To be charitable to Osborne, it could have been he wanted to give Danny a last starring role at the despatch box and not just a way of avoiding any difficult questions about HSBC and Lord Green.
Danny let his own junior, economic secretary Andrea Leadsom, take the first HSBC hit. In time-honoured fashion she answered all questions about tax evasion evasively, but Labour wasn’t going to give Danny a free ride.
“I am going to give him a chance,” said Dennis Skinner in a question that was meant to relate to investment in infrastructure. “Will he now answer the question about meeting Lord Green. Now is the opportunity to make a name for himself.

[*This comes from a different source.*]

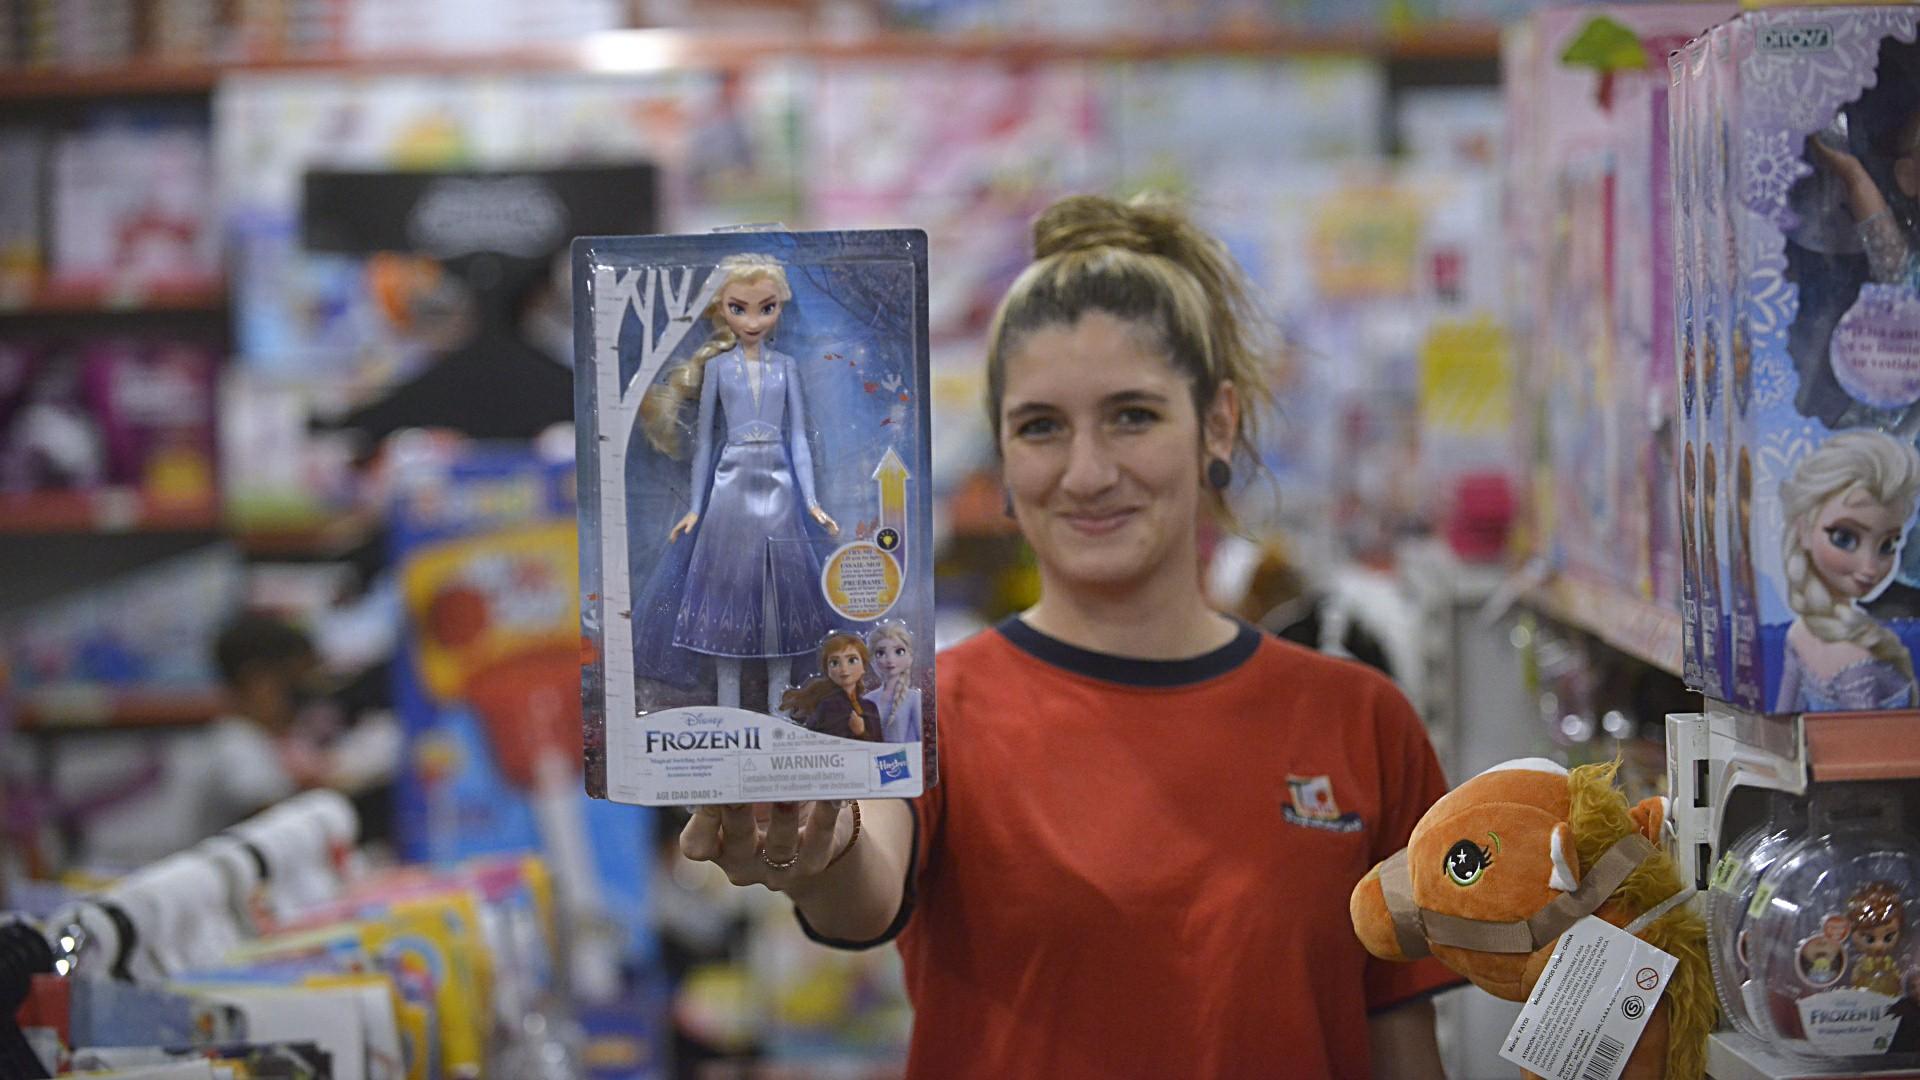 Elsa de Frozen, uno de los personajes favoritos y más buscados por las más chicas en la #NochedelasJugueterías

Come on.”
Wearily, Danny staggered to his feet and started leafing through his briefing file for inspiration. His P45 fell out and fluttered to the floor. Danny was too depressed to pick it up.
“I do not recall ever having had any conversations about investment in infrastructure with Lord Green,” he improvised. And that was about it; naturally he was personally against tax evasion but to be honest it was all above his pay grade now.
If Labour still had issues with Lord Green, and he wouldn’t blame them if they did, they could take it up with the prime minister or chancellor. He was out of here. Sayonara.
The effort of all this had left Danny utterly exhausted and he navigated the rest of the hour on autopilot. He wound down the clock by mumbling about the government building all sorts of roads and tunnels and Swiss cheese before waking himself up for one last effortette.
“I would say that his party has got it wrong,” he monotoned to Labour’s Andrew Gwynne. “And the Conservative party has got it wrong, but the Liberal Democrats have got it right.” That might have come as news to a handful of Lib Dems in the chamber, had they been listening. Danny’s ministerial career had ended not with a bang but a whimper.